**WHAT NEEDS TO BE DONE:** Give back each line of the data exactly as it reads, minus the pictures.

*** INFORMATION SUPPLIED ***

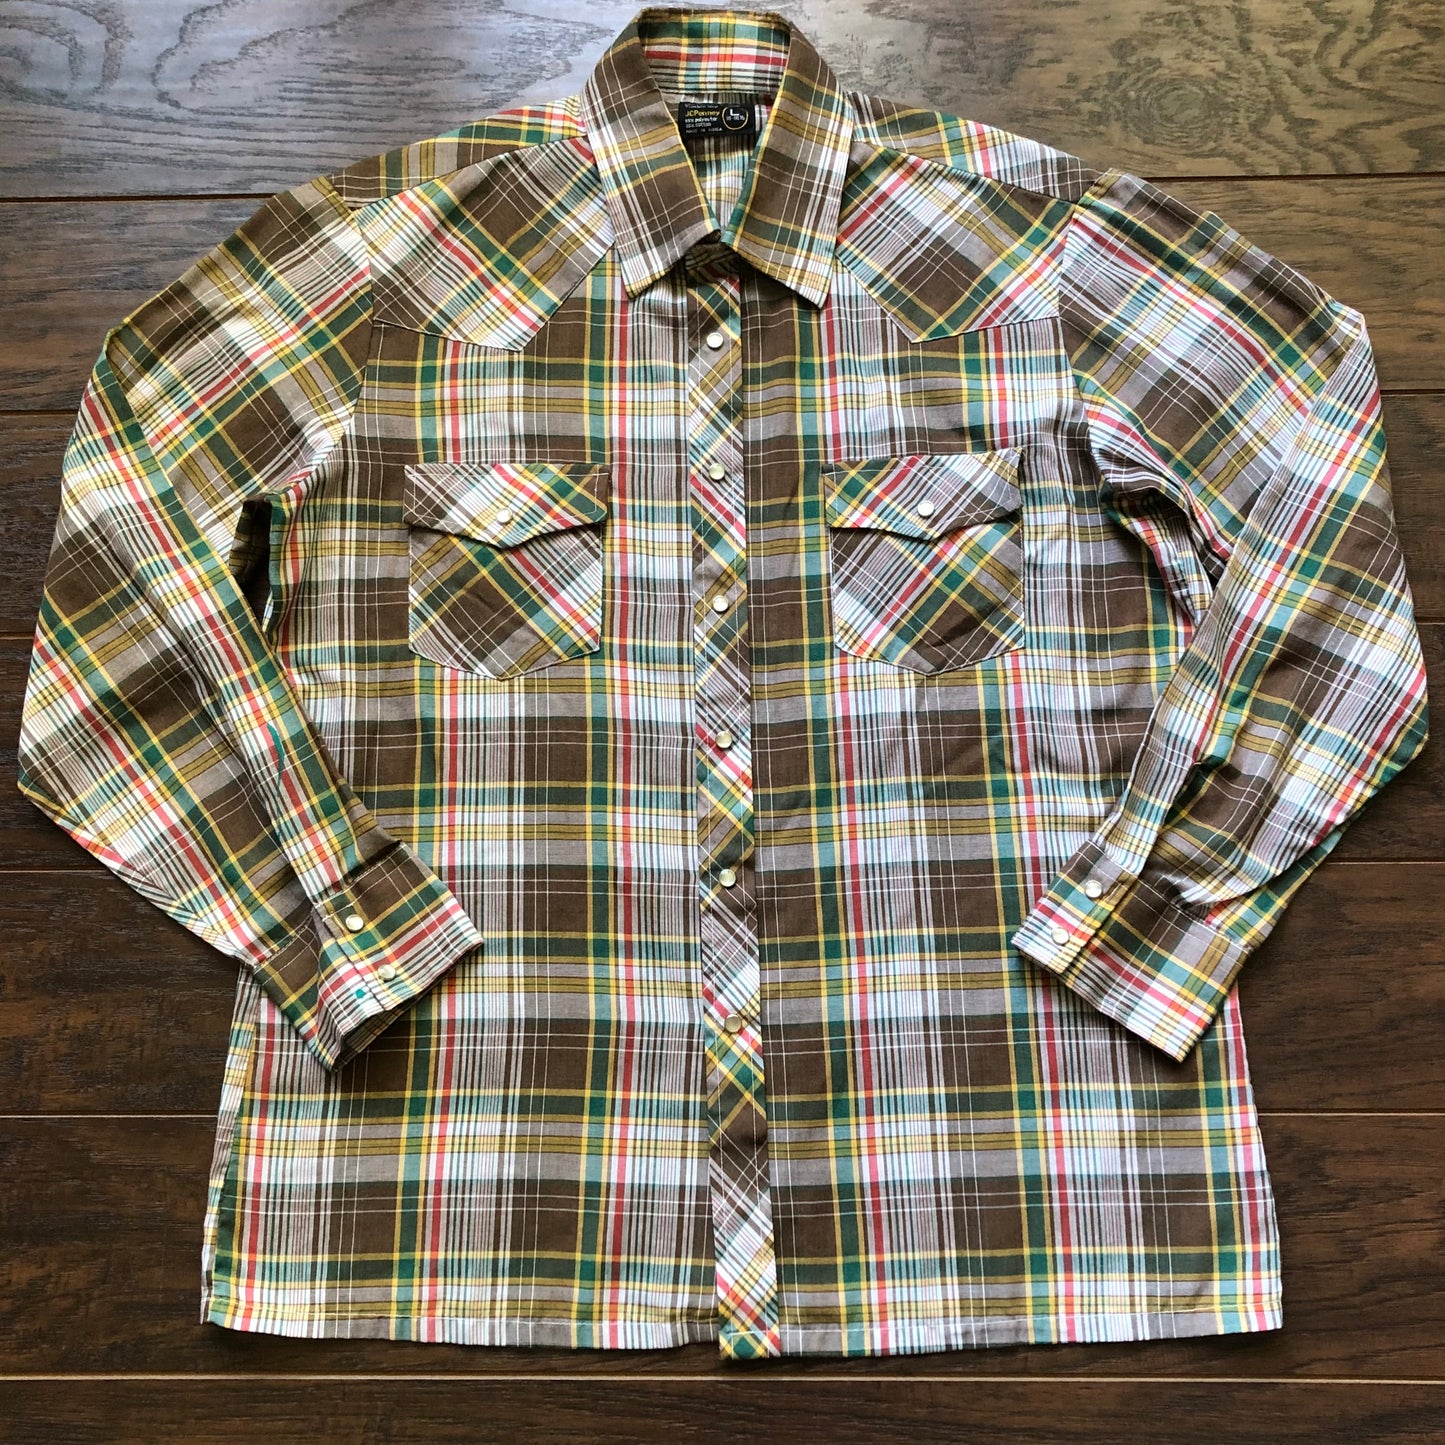 80’s Men’s Vintage Western Rockabilly Plaid Shirt with Snap Buttons | Made in Korea
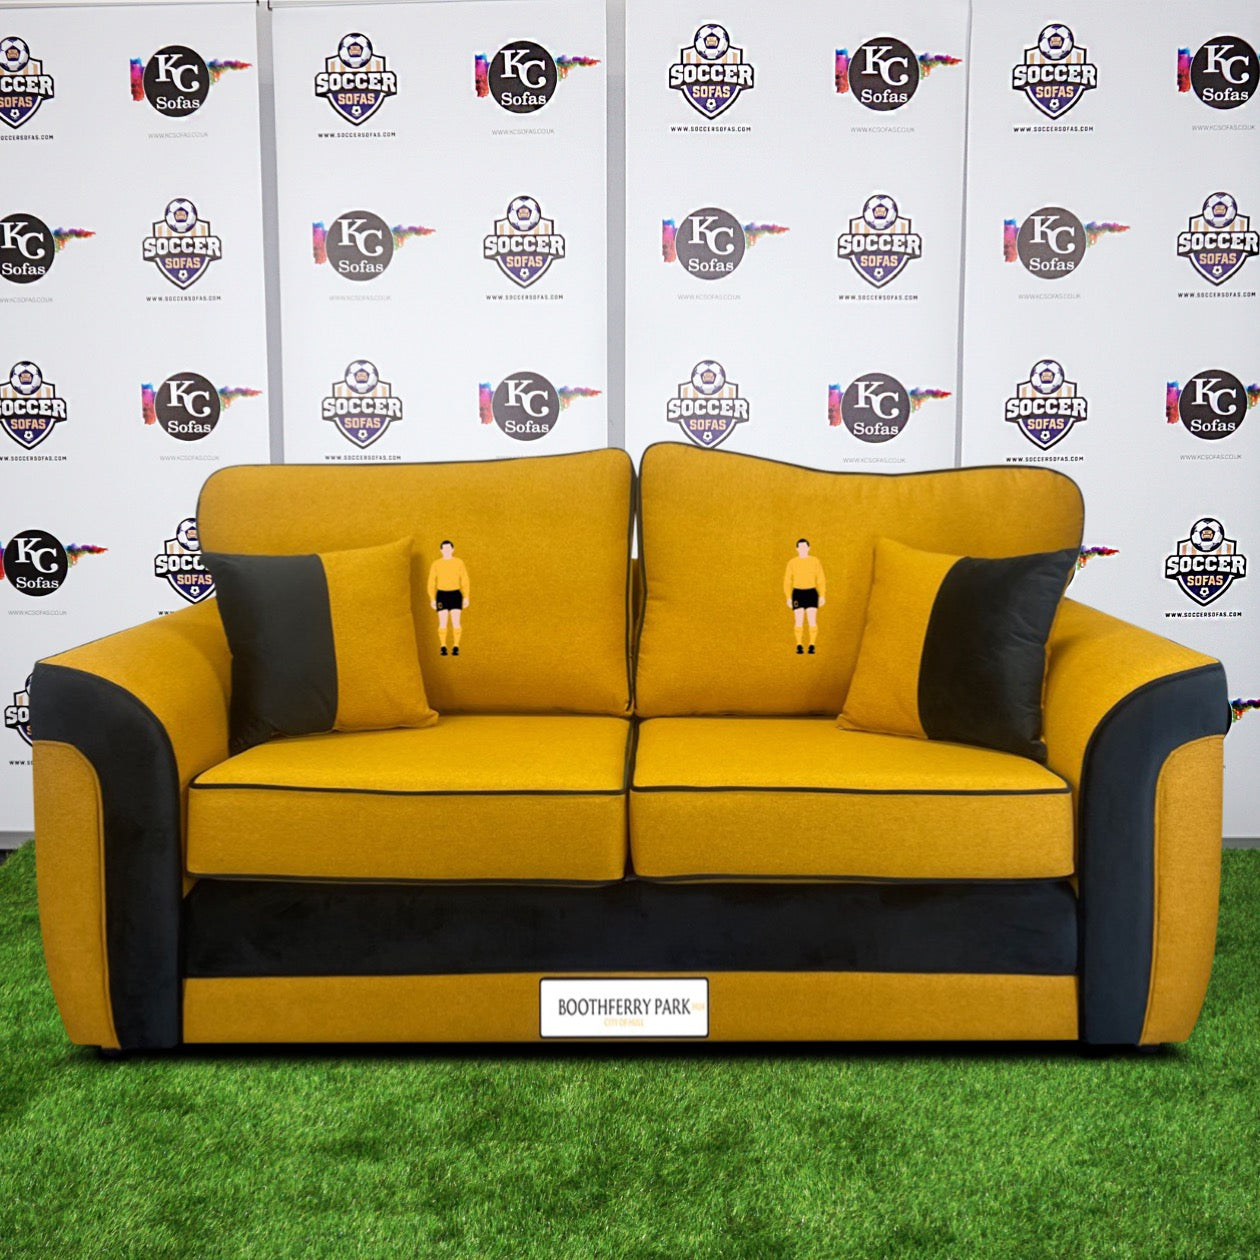 Boothferry Park 3 Seater Sofa (Hull FC)
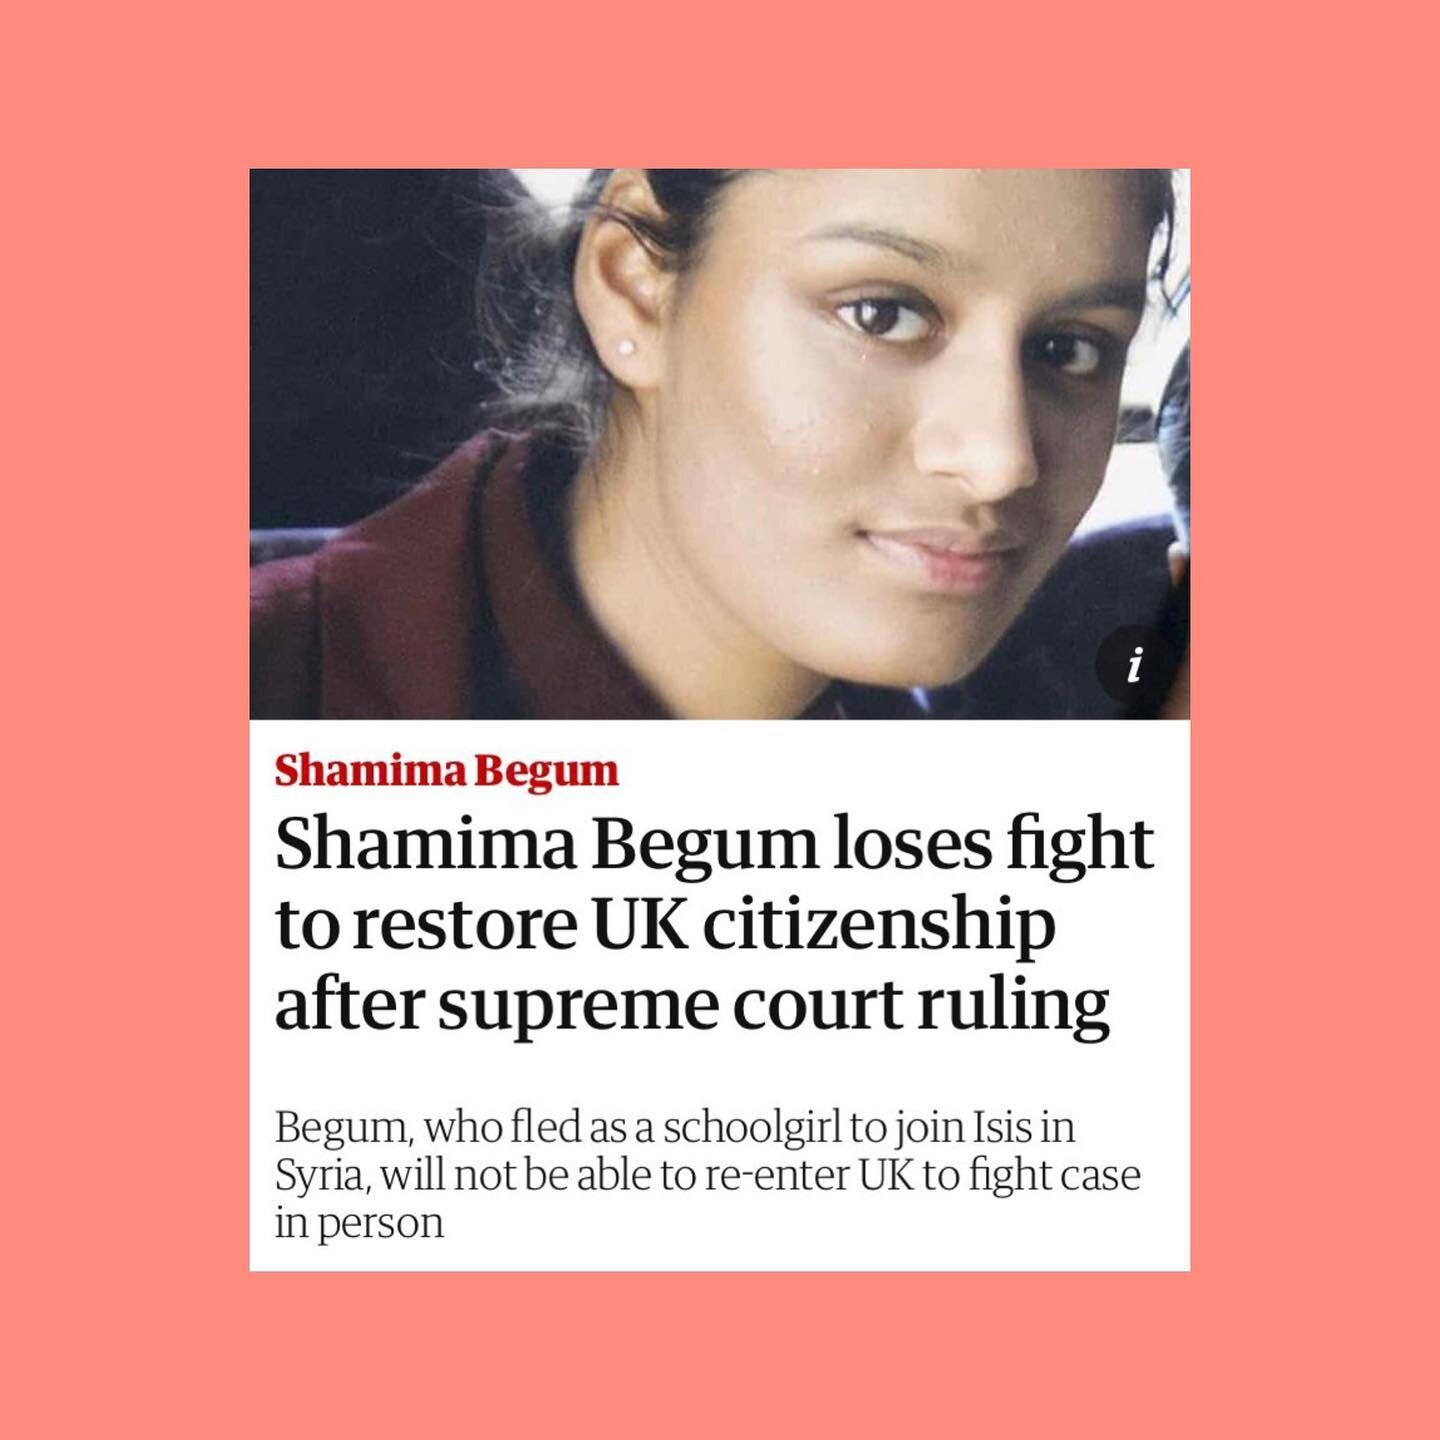 🗣 Some thoughts from Twitter on this week&rsquo;s Supreme Court ruling against Shamima Begum&rsquo;s appeal against the government&rsquo;s decision to remove her U.K. citizenship. 

#shamimabegum #britishcitizenship #supremecourtruling

*** End of INFORMATION SUPPLIED ***

**TASK RESULT:**
 80’s Men’s Vintage Western Rockabilly Plaid Shirt with Snap Buttons | Made in Korea
 Boothferry Park 3 Seater Sofa (Hull FC)
 🗣 Some thoughts from Twitter on this week&rsquo;s Supreme Court ruling against Shamima Begum&rsquo;s appeal against the government&rsquo;s decision to remove her U.K. citizenship. 

#shamimabegum #britishcitizenship #supremecourtruling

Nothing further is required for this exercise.